The narrator’s support for women’s rights, then, is very convenient given his motives. Like Wad Rayyes, he is all in favor of women’s rights when it will help him to get what he wants, but he still hesitates to intervene and stop the marriage. The narrator also has a curiously negative attitude toward sex, characterizing it as a “germ of contagion” that corrupted Mustafa and Wad Rayyes, and is now threatening to infect him as well. This creates a stark contrast to the rapturous portrayal of sex in the previous chapter, when Wad Rayyes and Bint Majzoub described their orgasms in detail.

However, unlike these village people, the narrator has traveled abroad, and like Mustafa Sa’eed, he continually associates sex with violence. The narrator sees sex as not just an interaction between individuals, but as an instrument for the systemic oppression of women. In both England and Sudan, premarital sex can tarnish a woman’s reputation and destroy her emotionally (as evidenced by the suicides of Mustafa’s mistresses). Men are not subject to these restrictions, and this freedom gives them power—power about which the narrator feels deeply conflicted, as evidenced by his reluctance to intervene in Hosna’s marriage one way or the other.

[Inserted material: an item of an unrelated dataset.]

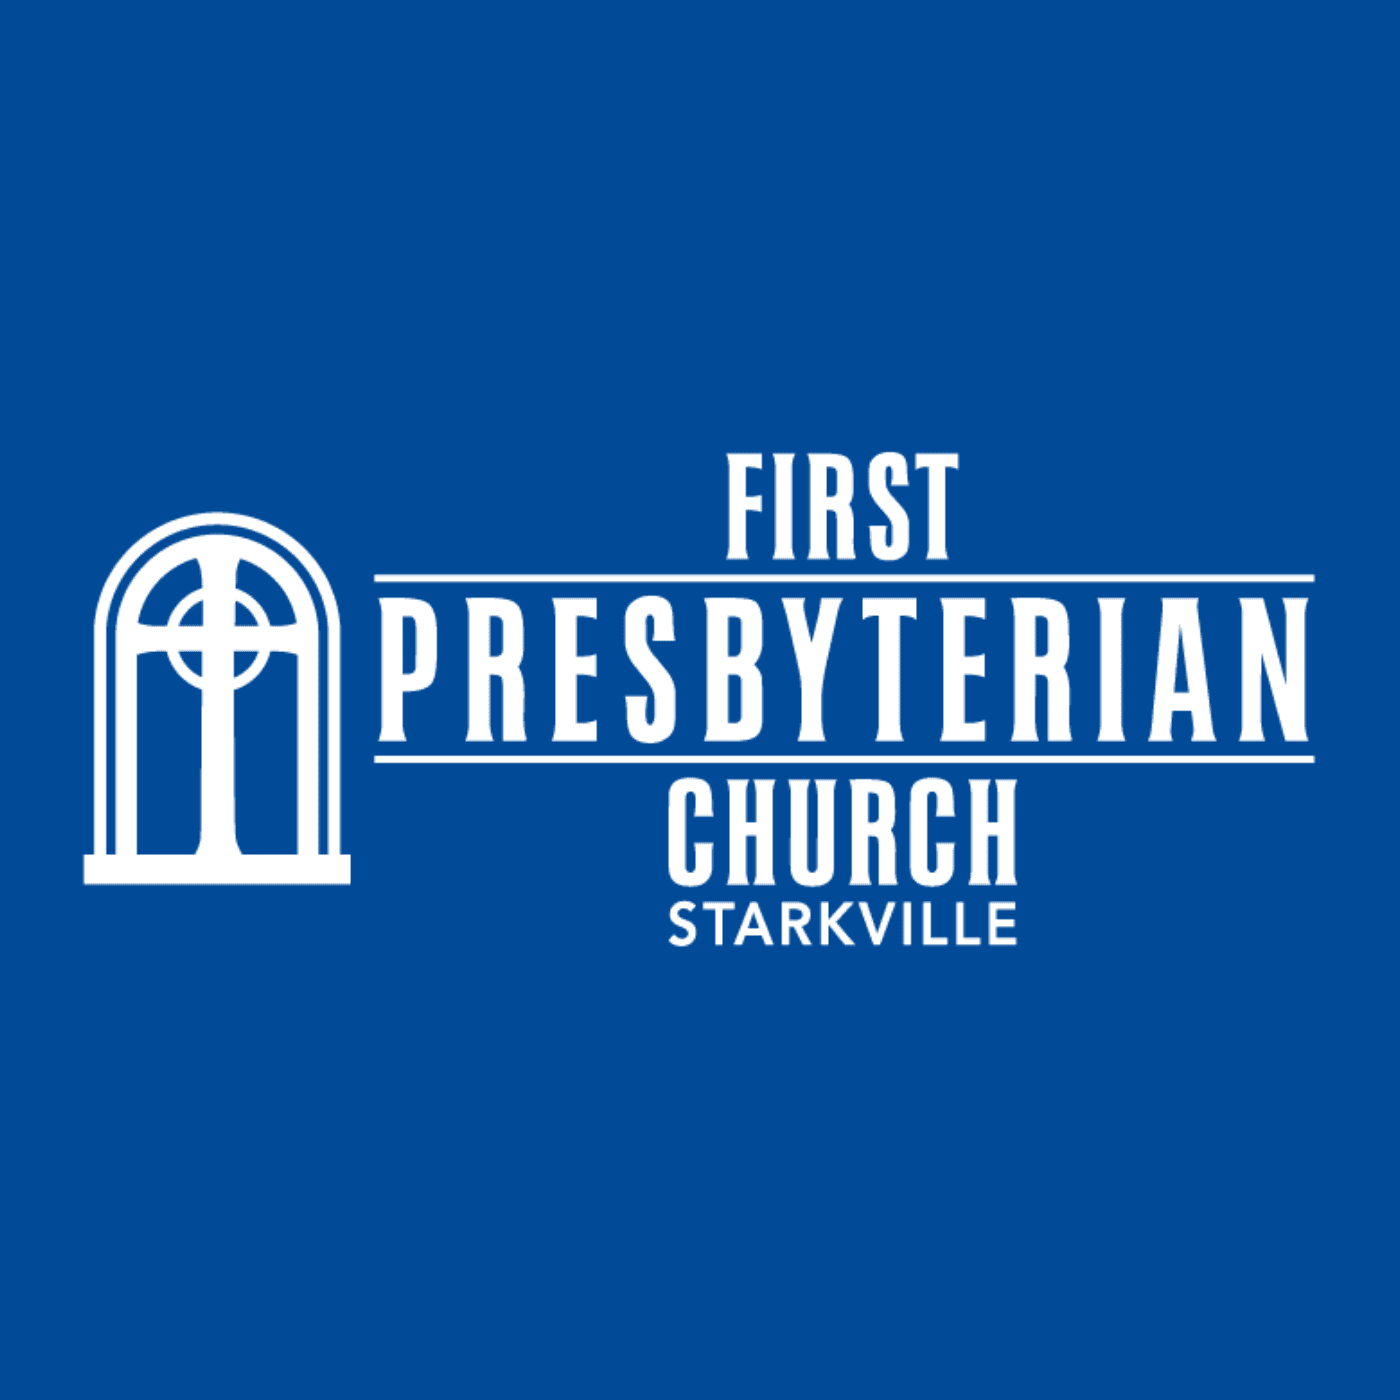 First Presbyterian Church Starkville

This chapter also reveals more information about Mahjoub. Mahjoub was smart enough to pursue higher education, but chose to remain in the village and work directly with the people. He represents an alternative life path that the narrator could have taken. He also illustrates the fact that a British education, which is supposed to help the narrator make Sudan a better country, actually prevents him from doing so. Having taken a government job, the narrator does not interact directly with the people he is supposed to help. Furthermore, the narrator has become so progressive in his views that he is unable to help Hosna; by insisting that she should choose for herself, he overlooks the fact that she really has no choice, and the only way he can help her is by rejecting Wad Rayyes on her behalf.